Some good writers learn to write shorter. "Lie with Me" (Scribner) is Philippe Besson's 18th book, written in 2016 in what one suspects was one of those seizures of composition that produce such searing stuff. It's a wonder not just of concision (160 pages), but also of compression and agonizing levels of compassion.

It's as immediately involving and heart-breaking a tale of gay first love as I can recall, credibly said to consume readers, as it did me, as much as it did the author. "It took Besson his whole life to write it," Lauren Collins reports in a recent short New Yorker interview with the author, "and, when he was done, he thought that he would never be able to write again."

It warrants noting that in its even younger life in English — it's just been released in a superb translation by Molly Ringwald (yes, that one) — it has also engendered some preposterous bafflegab. It's been called the French "Brokeback Mountain," to which it bears only the most passing resemblance (though Besson is said to have seen the film every day for a week when it was new), and to "Call Me By Your Name," to which it bears none.

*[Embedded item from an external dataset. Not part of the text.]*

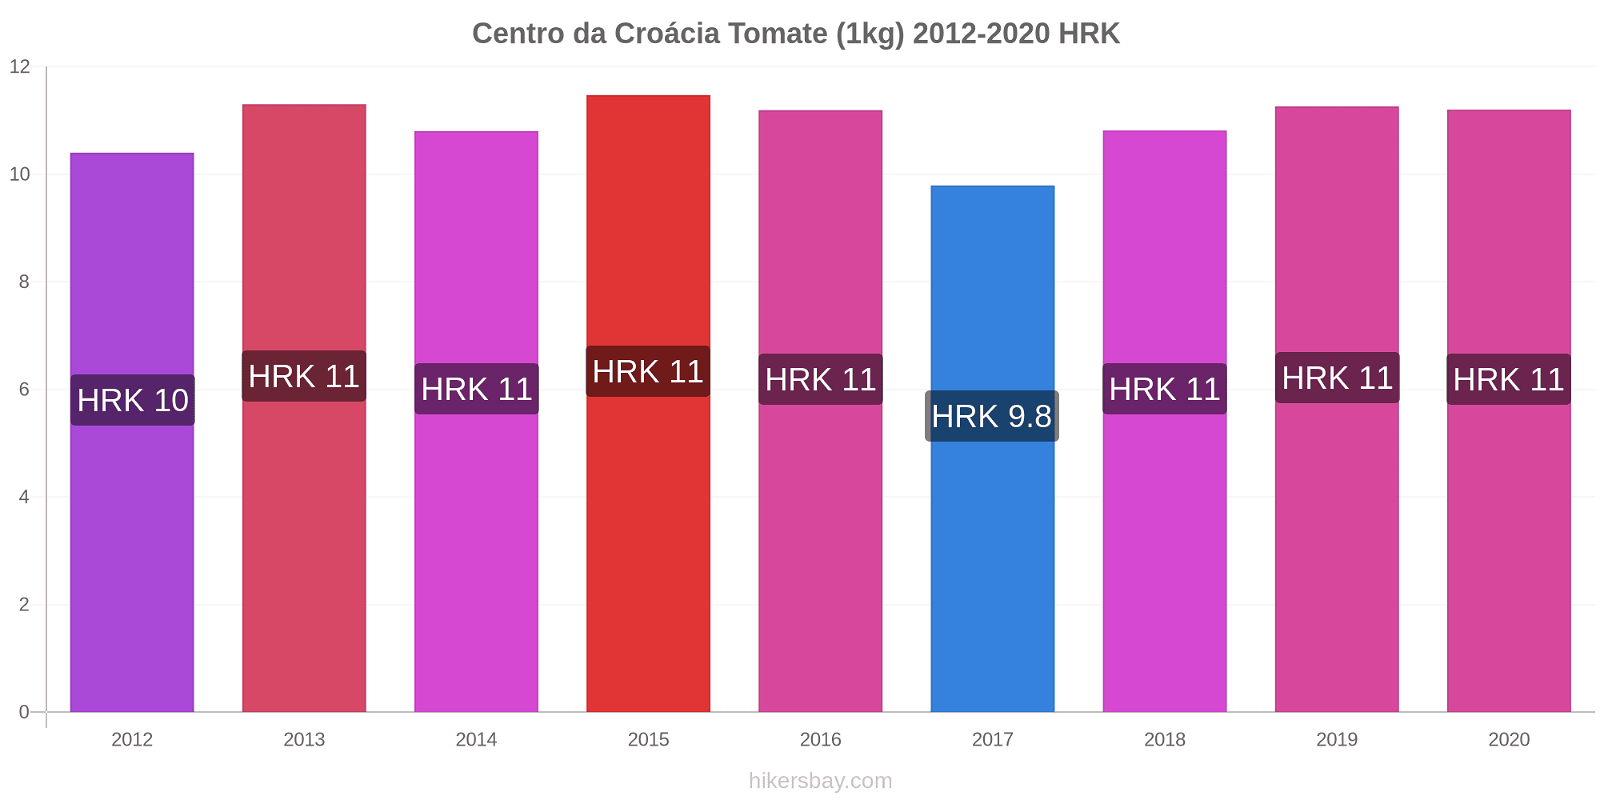 Centro da Croácia variação de preço Tomate (1kg) hikersbay.com

That's what sometimes happens with writing this hot to the touch: it gets compared to something else if only to tame it. In sheer bittersweetness, "Lie" more resembles the 2013 prize-winning gay film "Last Summer," also about childhood sweethearts, except that in "Lie" bitter wins out resoundingly. There, I did it, too.

The novel's power lies in the fusion of a deeply personal story hardly unfamiliar to many a gay man. In a school in a French hamlet in 1984, the bookish Philippe first eyes farm boy Thomas Andrieu, lower than him in social class but uncommonly handsome and superior as an athlete and chick-magnet. Because Philippe already wears the brand of "faggot," the two pass each other in the hall like ghosts.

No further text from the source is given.